We found that HME extrudate materials have a higher CBD content compared with non-extrudate materials, and the highest CBD content was achieved in the F2 extrudate. The decarboxylated process became faster when ascorbyl palmitate was added compared with ascorbic acid only. Even though the reason for the enhanced decarboxylation in the F2 formulation is still not clear, it is assumed that ascorbyl palmitate (ascorbic acid and palmitic acid) enhanced the decarboxylation process because of the acid nature, which prevented the oxidation of CBD during the HME process. The presence of COOH/OH in ascorbyl palmitate could possibly act as a catalyst during processing, thus enhancing the CBD content. Another probable reason for the enhanced CBD in the extrudate leaves is because of the high moisture content of the extrudate during extrusion, which prevents the CBD from oxidation. This is the first study to evaluate the decarboxylation process in moist condition; however, other researchers have done so in dry environments [10,12,20].

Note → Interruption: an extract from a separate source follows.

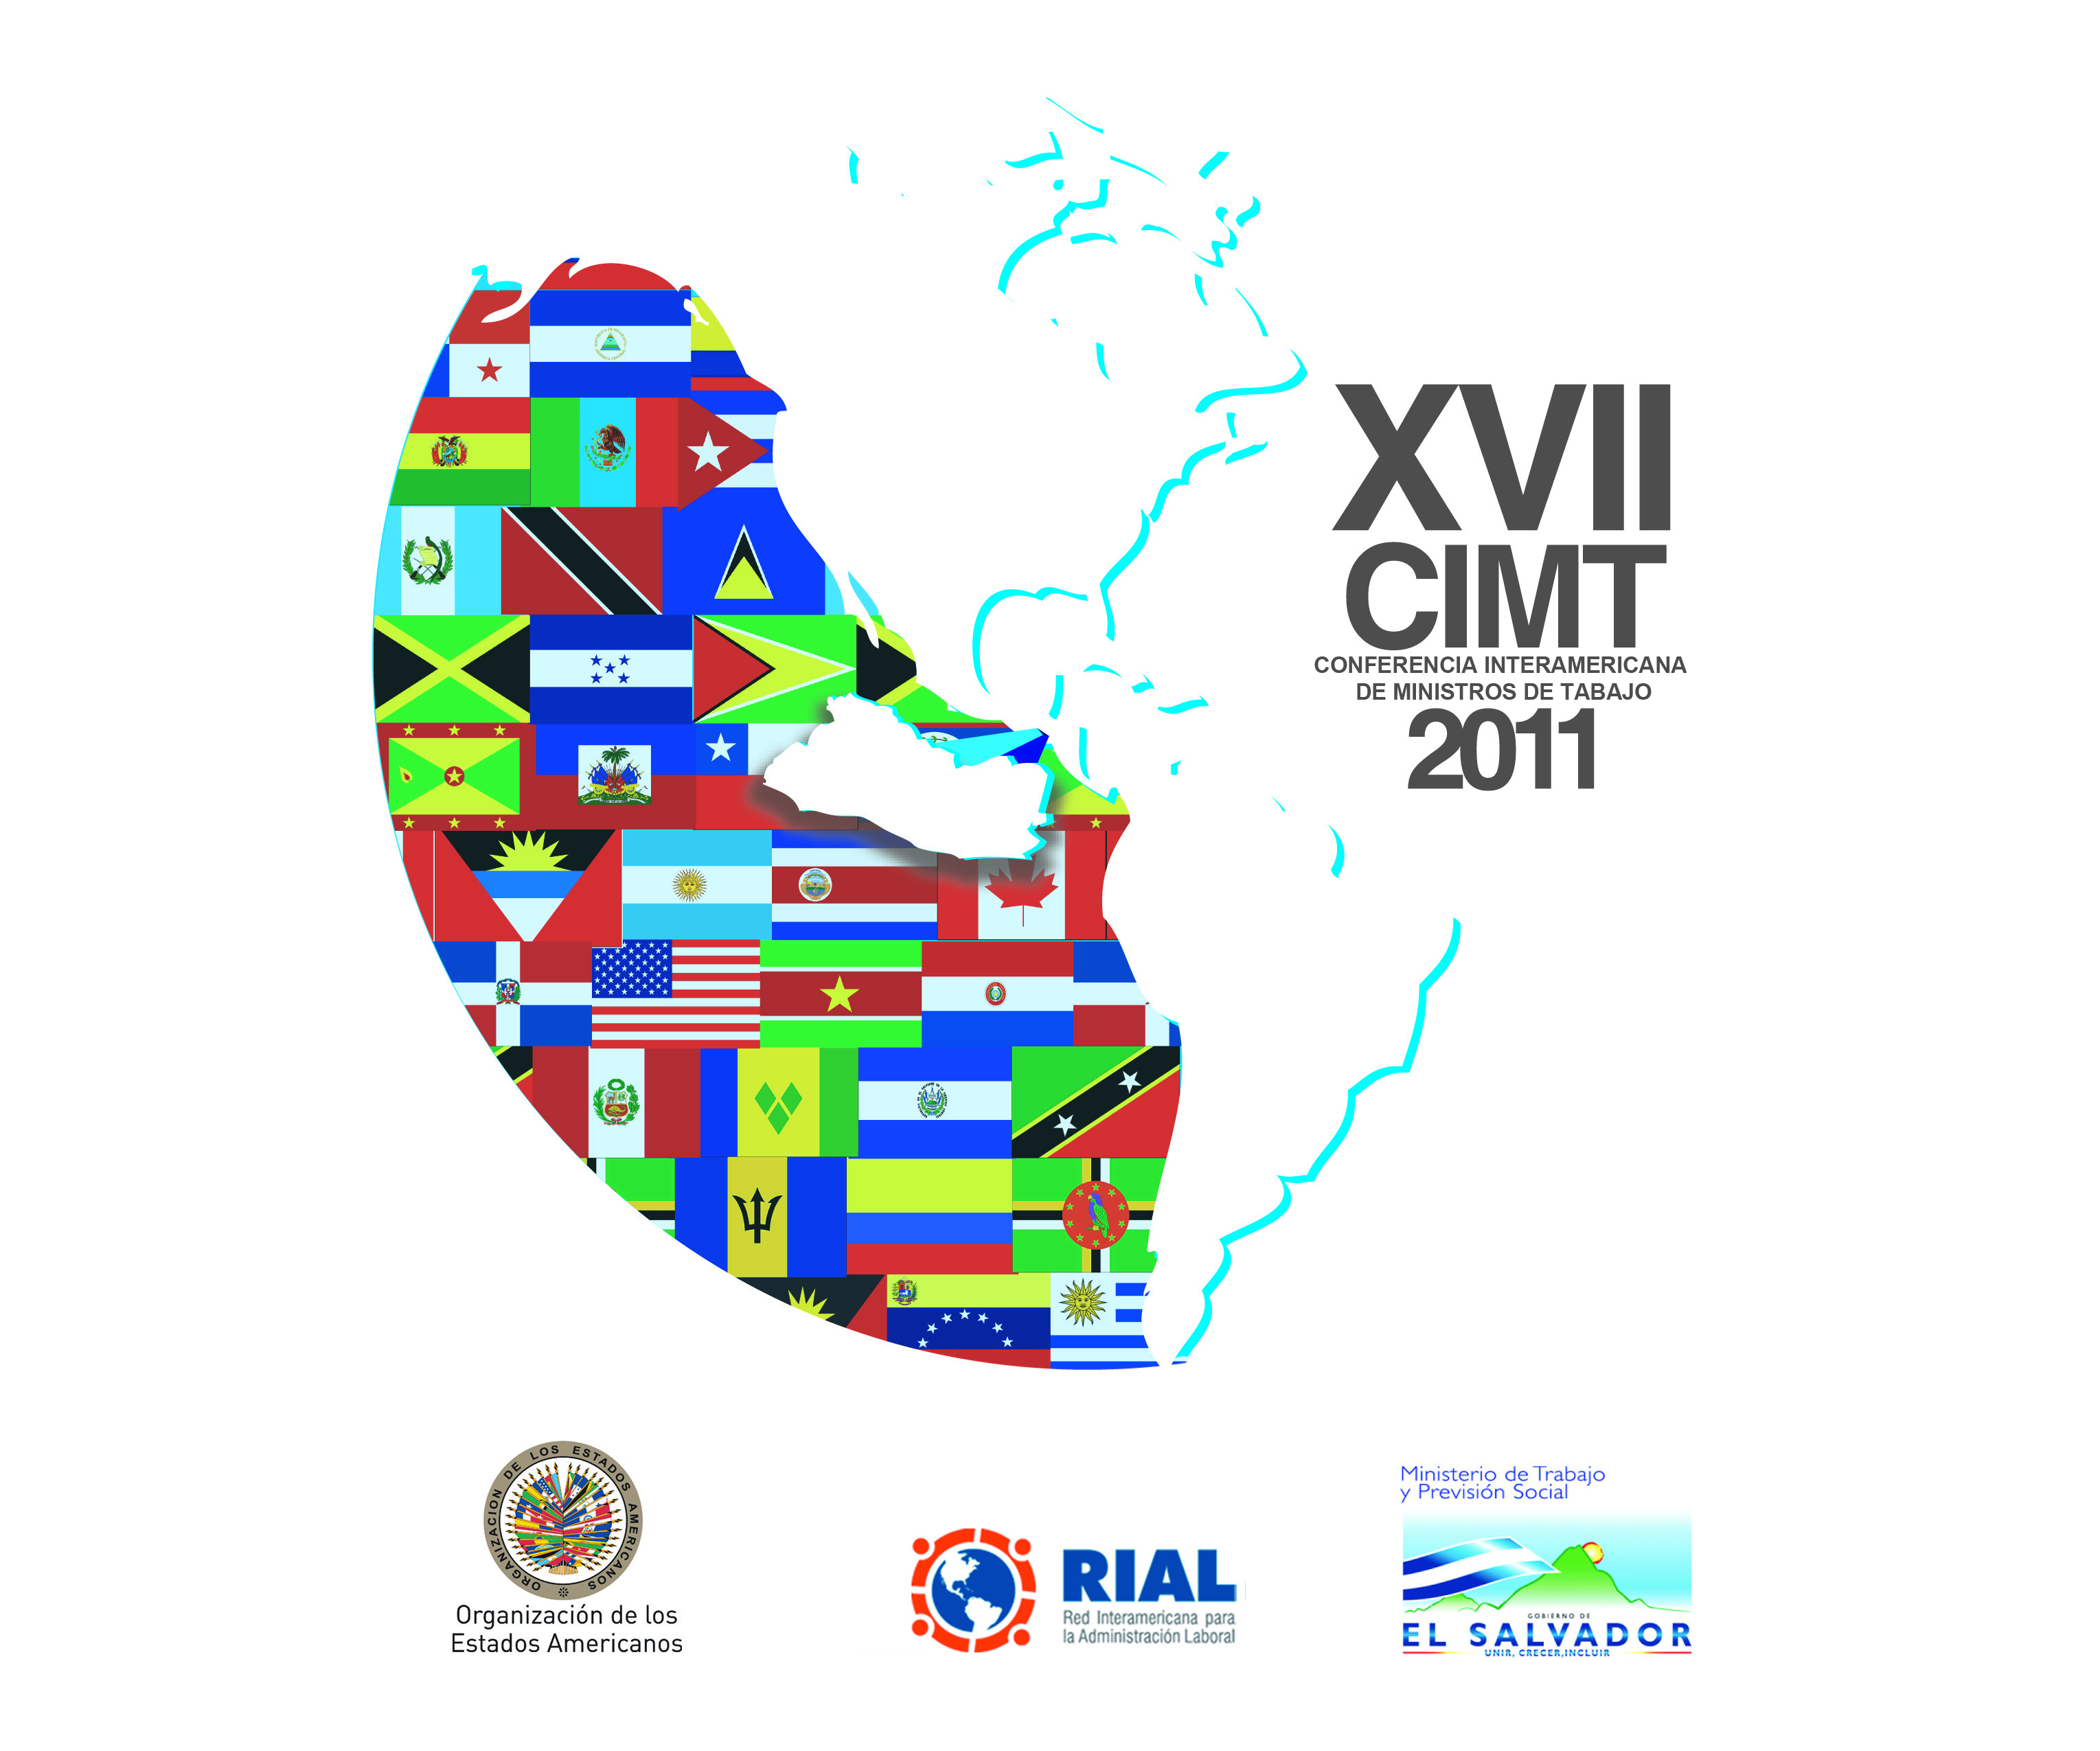 XVI CIMT - 2009

Likewise, the total phenolic compounds and total flavonoid compounds were increased in the F2 formulation, as HME has been a proven to enhance the beneficial compounds from plant materials [21,22]. Because of the strong correlation between the phenolic compounds and the antioxidant capacity [23], the DPPH antioxidant capacity was also significantly increased in the F2 formulation.

Interestingly, THCA and THC were oxidized during processing, and resulted in a very low THC in the extrudate hemp (Table 2). THC was oxidized in the processed extrudate because of the high heat sensitivity of the THC compounds. The biopolymers (either ascorbic acid or ascorbyl palmitate) had a negative impact on maintaining the THC during HME processing. The increased TFC and TPC in the extrudate F2 formulation were because of the HME extrusion effect. HME is the most convenient processing technology for developing solid formulations in the food and pharmaceutical industries [21]. The high shear-oriented screw design with a high-pressure facilitates bioactive compounds in being released from their complex molecular bonding and structure [23]. The twin screw of the HME rapture the cell wall of the molecules is thus released from the compounds [20].

5. Conclusions

The decarboxylation process was successfully demonstrated as an efficient CBD conversion technique using HME. It proved that CBD conversion can be enhanced when acidic biopolymer (ascorbyl palmitate) is added during HME. Therefore, it is concluded that the F2 formulation could successfully be used to obtain a higher CBD content from CBDA through the demonstrated HME process. Further investigations are needed in order to optimize the HME configurations (temperature, shear, and pressure), so as to enhance the decarboxylation process and result in zero THC.